Tutorial¶
ENIGMA is a method for deconvoluting bulk RNA-seq matrix into cell type fractions and cell type-specific expression matrices. User could freely explore the cell heterogeneity within the bulk RNA-seq samples, study the differential expression gene, cell type-specific gene co-expression module or differentiation trajectory. In this tutorial, I applied ENIGMA on NSCLC bulk RNA-seq and corresponding FACS RNA-seq collected by Gentles et al to illustrate the main steps of ENIGMA analysis.
1. Getting Started¶
The first step of ENIGMA require bulk RNA-seq and reference matrix to construct ENIGMA object, the ENIGMA object contains parameters and datasets for deconvolution in the following steps
suppressPackageStartupMessages(library(magrittr))

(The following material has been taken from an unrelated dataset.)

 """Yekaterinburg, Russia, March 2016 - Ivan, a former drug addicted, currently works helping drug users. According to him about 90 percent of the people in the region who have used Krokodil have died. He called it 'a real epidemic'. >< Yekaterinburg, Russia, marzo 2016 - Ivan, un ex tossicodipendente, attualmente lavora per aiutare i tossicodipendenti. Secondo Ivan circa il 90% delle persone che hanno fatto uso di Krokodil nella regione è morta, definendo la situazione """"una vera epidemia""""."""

suppressPackageStartupMessages(library(scater))
suppressPackageStartupMessages(library(Biobase))
suppressPackageStartupMessages(library(ENIGMA))

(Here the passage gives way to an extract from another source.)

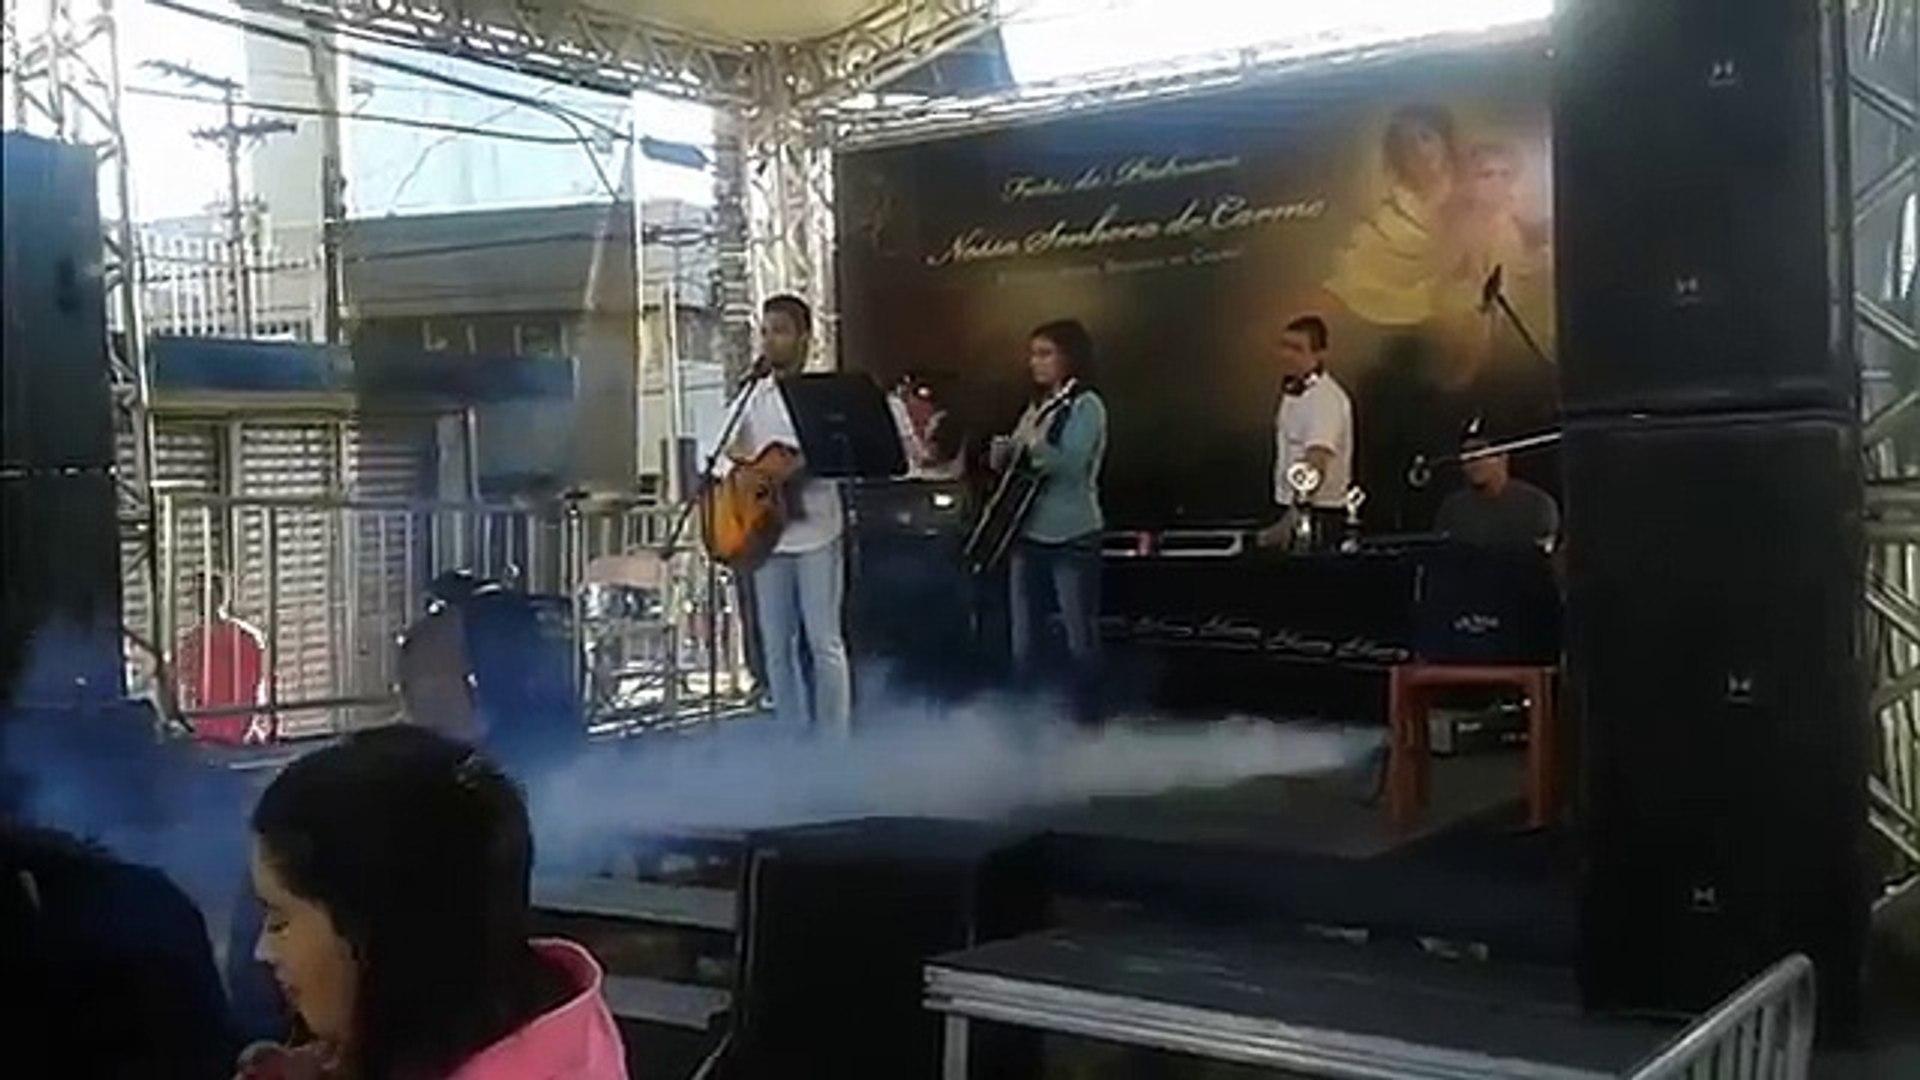 Pagode em Brasília - Festival Sertanejo ao vivo (Wellington Costa)

dataNSCLC <- readRDS("/load/Data/Path/dataNSCLC.rds")
ref_sc <- readRDS("/load/Data/Path/ref.rds")
#We used the third patients to generate reference
ref_sc_sub <- ref_sc[,ref_sc$PatientID %in% "3" == TRUE]
ref_sc_sub <- ref_sc_sub[,ref_sc_sub$CellFromTumor %in% "1"]

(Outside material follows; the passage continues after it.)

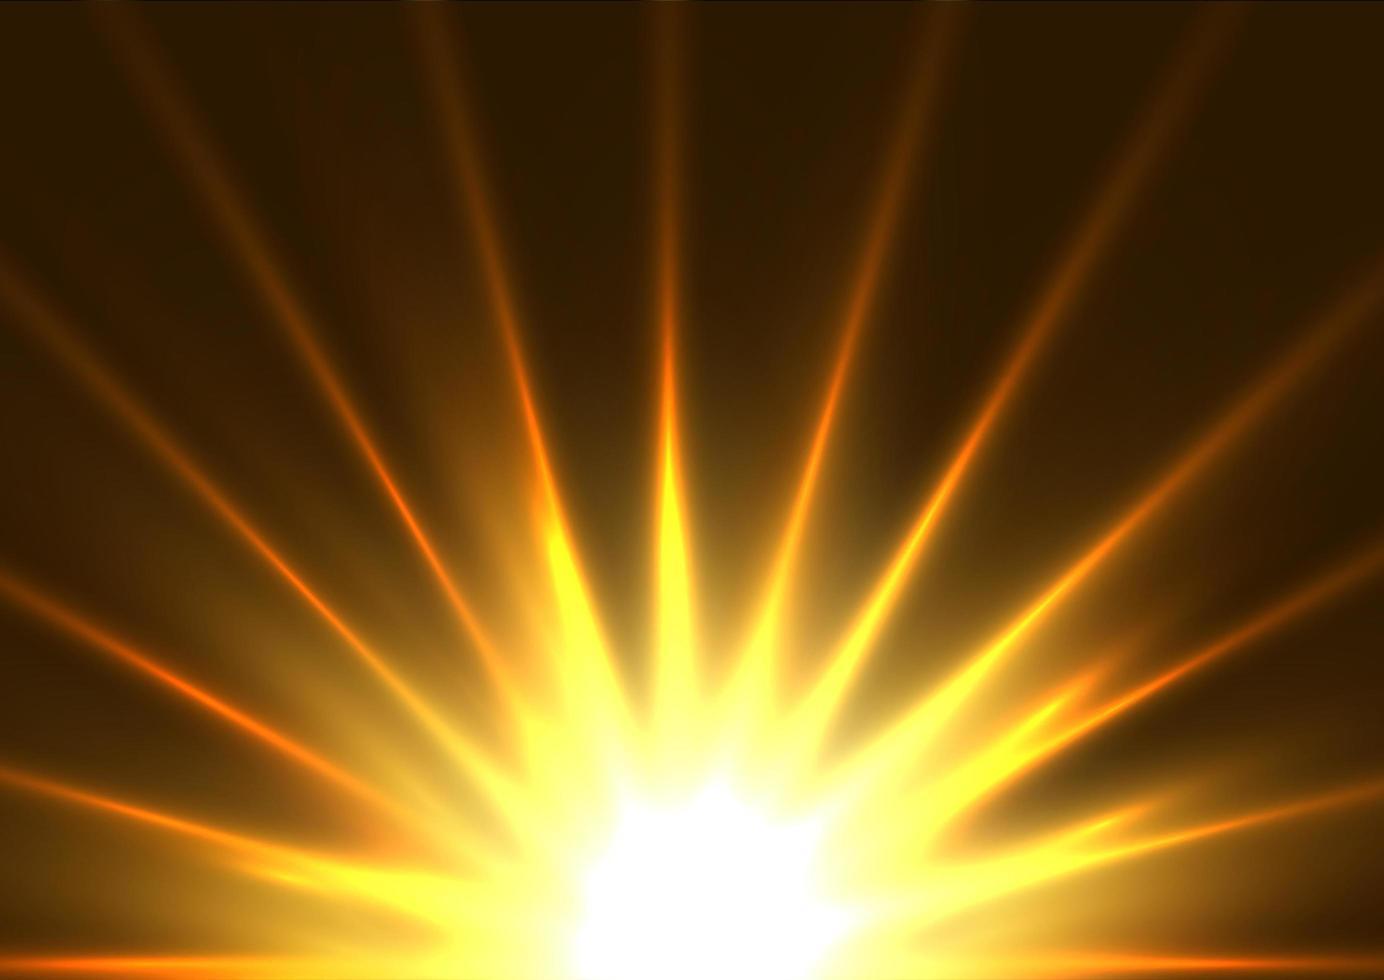 ljus starburst design vektor

ref_sc_sub <- ref_sc_sub[,ref_sc_sub$main_celltype %in% c("Alveolar","Epi") == FALSE]
Bulk <- dataNSCLC[[5]]
Tumor <- dataNSCLC[[1]]
Immune <- dataNSCLC[[2]]
Endothelial <- dataNSCLC[[3]]
Fibroblast <- dataNSCLC[[4]]
pheno <- dataNSCLC[[6]]
# The pheno variable contain the label of each samples (LUSC vs LUAD)
names(pheno) <- colnames(Tumor)
# Create ENIGMA object
egm = create_ENIGMA(bulk = Bulk, ref = exprs(ref_sc_sub), ref_type = "single_cell", meta_ref = pData(ref_sc_sub))
ENIGMA would automatically identify the type of reference matrix (FACS RNA-seq or scRNA-seq), and run the corresponding batch effect correction methods to generate reference matrix (S-mode and B-mode)
Batch effect correction¶
We used scRNA-seq to illustrate the S-mode batch effect correction
egm = batch_correct(egm, varname_cell_type = "main_celltype", n_pseudo_bulk=100)
#check the reference profile
head(egm@ref)
We used FACS RNA-seq to illustrate the B-mode batch effect correction, regarding the expression profile of T3 patients as the the reference, we noted that the FACS RNA-seq is not necessarily to be generated from the same cohort with the mixture(bulk RNA-seq) but could from the independent study.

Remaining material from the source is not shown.